» **WORK REQUEST**
A stretch of the entries below is to be set down exactly, running from the line with "en Elche, Alicante" through the line with "Tanz-Truppe in schwarz", both included, and no other line.

» **PROVIDED DATA**
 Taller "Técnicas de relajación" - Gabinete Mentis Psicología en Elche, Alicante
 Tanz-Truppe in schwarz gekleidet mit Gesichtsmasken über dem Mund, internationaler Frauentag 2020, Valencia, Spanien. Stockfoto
--
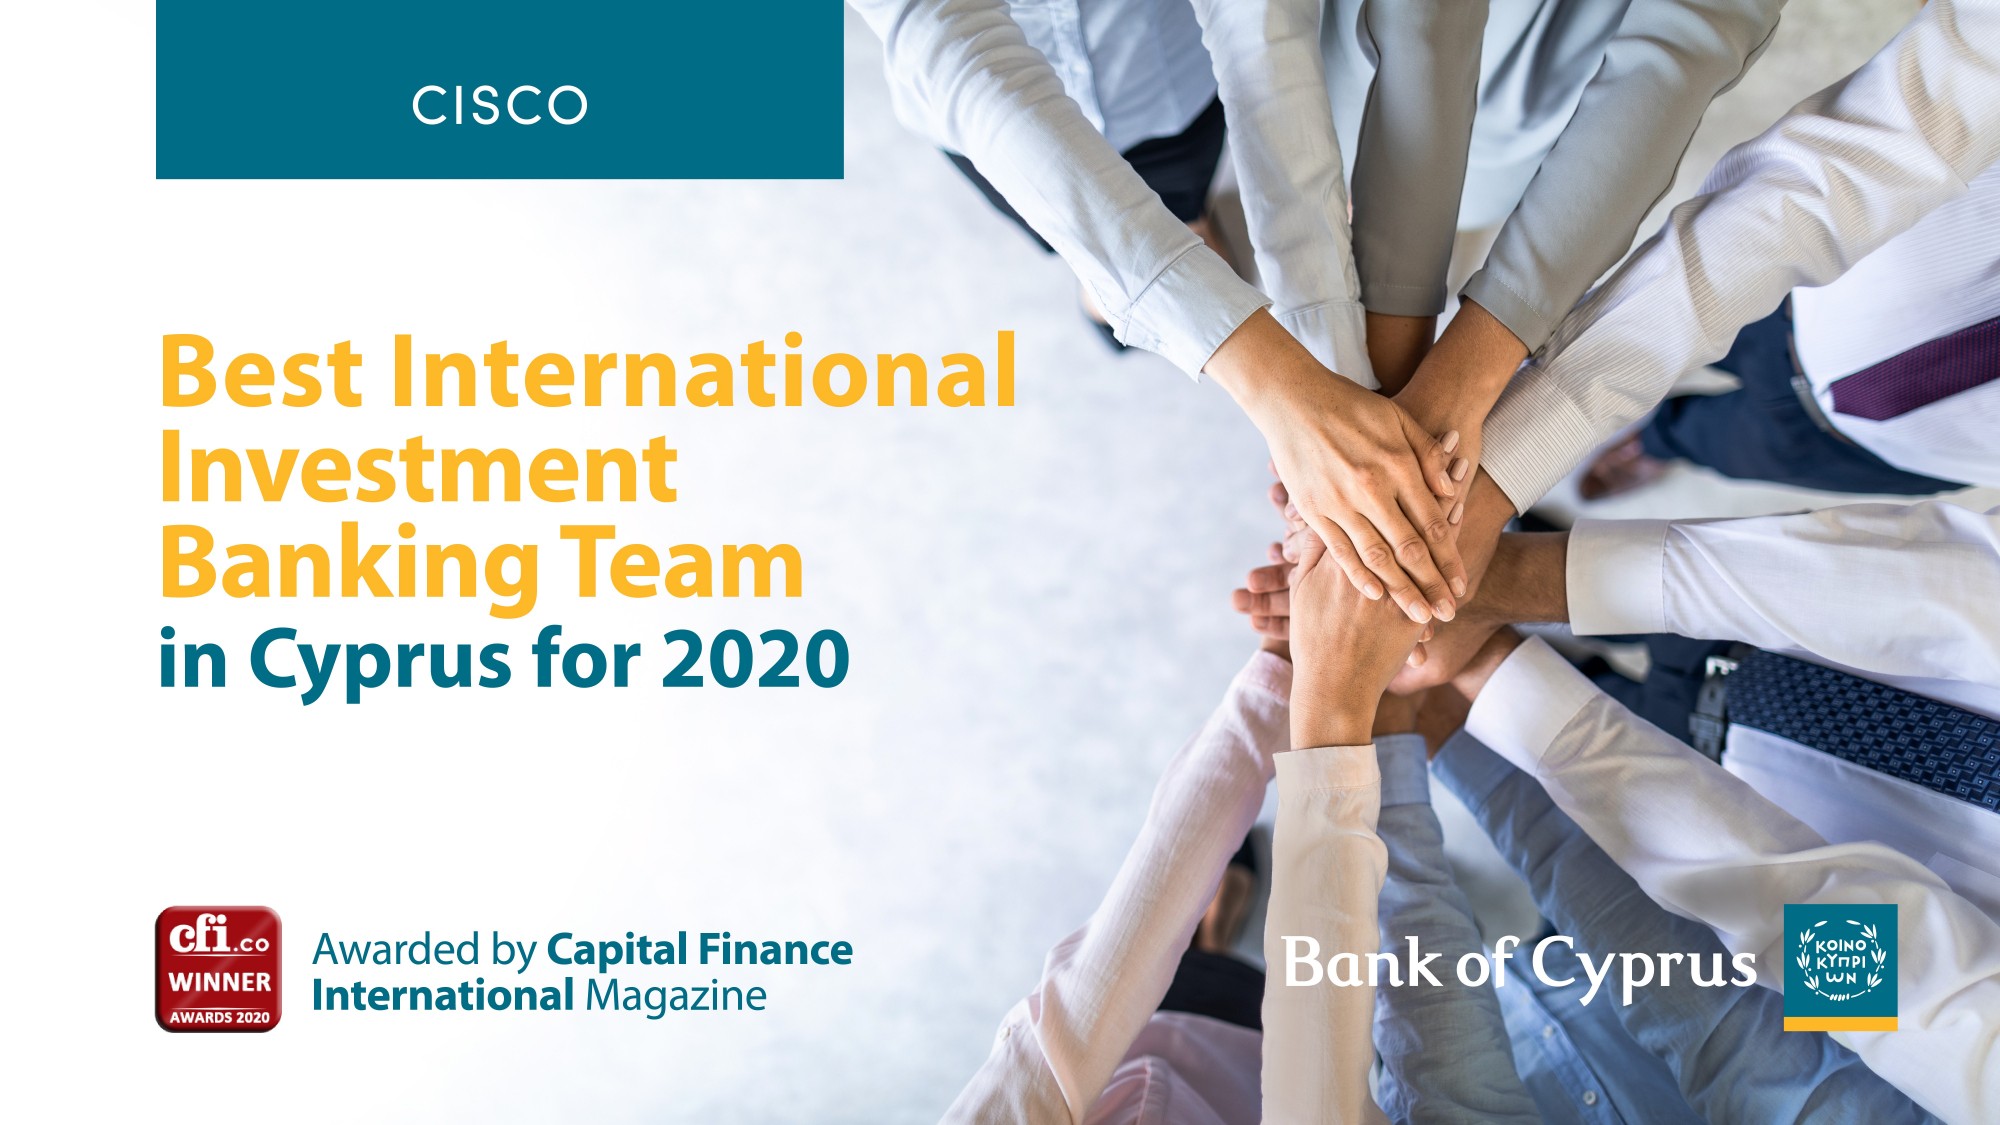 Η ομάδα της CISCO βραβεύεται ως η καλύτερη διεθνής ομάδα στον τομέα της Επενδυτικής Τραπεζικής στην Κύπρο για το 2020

» **EXERCISE RESULT**
 Taller "Técnicas de relajación" - Gabinete Mentis Psicología en Elche, Alicante
 Tanz-Truppe in schwarz gekleidet mit Gesichtsmasken über dem Mund, internationaler Frauentag 2020, Valencia, Spanien. Stockfoto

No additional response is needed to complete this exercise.